# Aligning HST images to an absolute reference catalog
***

<div class="alert-danger">Note: The notebook in this repository 'Initializtion.ipynb' goes over many of the basic concepts such as the setup of the environment/package installation and should be read first if you are new to HST images, 'DrizzlePac' or 'Astroquery'.</div>

<div class="alert-warning">Note: This notebook is based on WFC3 ISR 2017-19: <a href="http://www.stsci.edu/hst/wfc3/documents/ISRs/WFC3-2017-19.pdf">Aligning HST Images to Gaia: a Faster Mosaicking Workflow</a> and contains a subset of the information/code found in <a href="https://github.com/spacetelescope/gaia_alignment">the repository here</a>.  For more information, see the notebook in that repository titled 'Gaia_alignment.ipynb'.</div>

## Introduction

The alignment of HST exposures is a critical step in image stacking/combination performed by software such as `AstroDrizzle`.  Generally, a relative alignment is performed that aligns one image (or multiple images) to another image which is designated as the reference image.  This makes it so the images are aligned to each other, but the pointing error of the observatory can still cause the images to have incorrect absolute astrometry.

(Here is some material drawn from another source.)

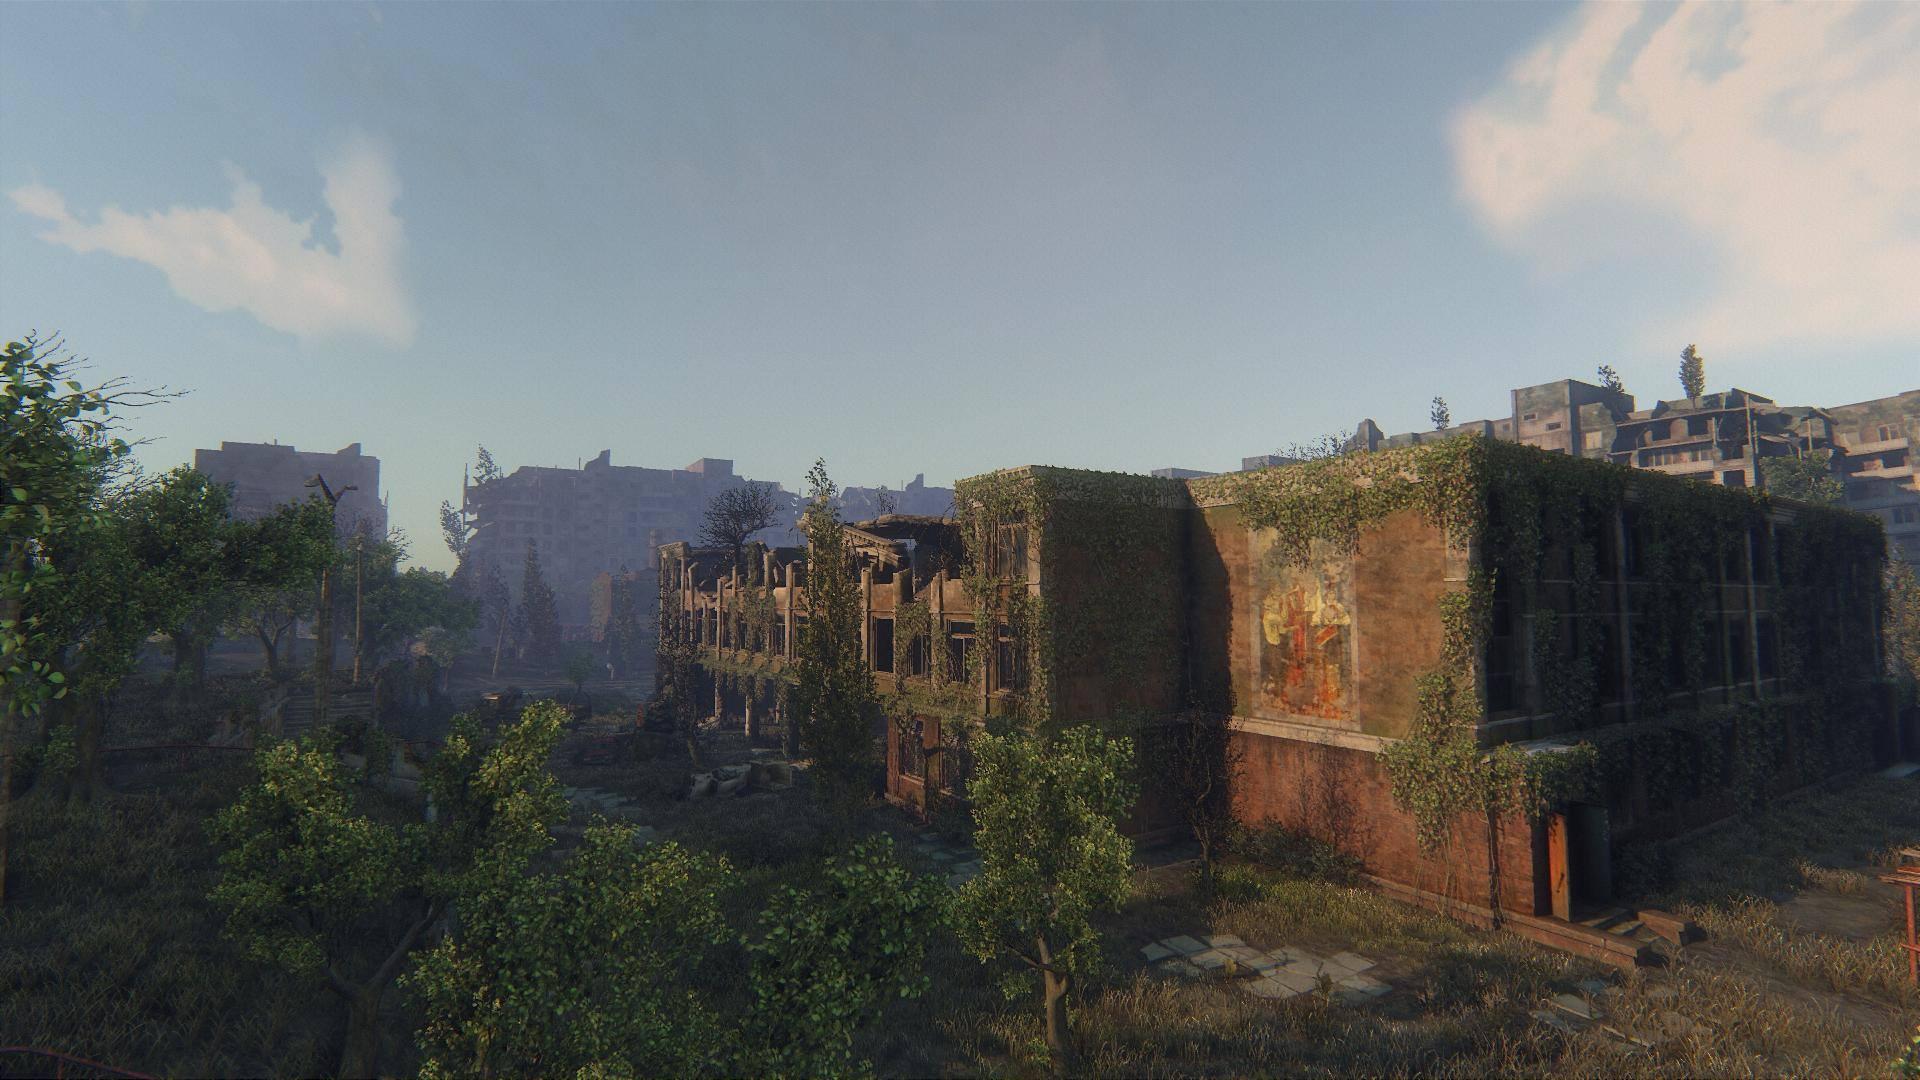 Zarostlé a rozpadající se budovy v Survarium 90471

When absolute astrometry is desired, the images can be aligned to an external catalog that is known to be on an absolute frame.  In this example, we will provide a workflow to query catalogs such as SDSS and Gaia via the astroquery package, and then align the images to that catalog via TweakReg.

For more information about TweakReg, see the other notebooks in this repository or the __[TweakReg Documentation](https://drizzlepac.readthedocs.io/en/deployment/tweakreg.html)__.

For more information on Astroquery, see the other notebooks in this repository or the __[Astroquery Documentation](https://astroquery.readthedocs.io/en/latest/)__.

In [1]:
import astropy.units as u
import glob
import numpy as np
import matplotlib.pyplot as plt
import os

from astropy.io import fits
from astropy.table import Table
from astropy.units import Quantity
from astropy.coordinates import SkyCoord
from astroquery.gaia import Gaia
from astroquery.mast import Observations
from astroquery.sdss import SDSS

#from ccdproc import ImageFileCollection
from IPython.display import Image

from drizzlepac import tweakreg
from drizzlepac import astrodrizzle

Created TAP+ (v1.2.1) - Connection:
	Host: gea.esac.esa.int
	Use HTTPS: True
	Port: 443
	SSL Port: 443
Created TAP+ (v1.2.1) - Connection:
	Host: geadata.esac.esa.int
	Use HTTPS: True
	Port: 443
	SSL Port: 443
The following task in the stsci.skypac package can be run with TEAL:
                                    skymatch                                    
The following tasks in the drizzlepac package can be run with TEAL:
    astrodrizzle       config_testbed      imagefindpars           mapreg       
       photeq            pixreplace           pixtopix            pixtosky      
  refimagefindpars       resetbits          runastrodriz          skytopix      
     tweakback            tweakreg           updatenpol


# 1. Set up the data

In [2]:
from utils import header_utils as hutils

In [3]:
from pathlib import Path
Path(hutils.__file__).parent / "../../data/tables/"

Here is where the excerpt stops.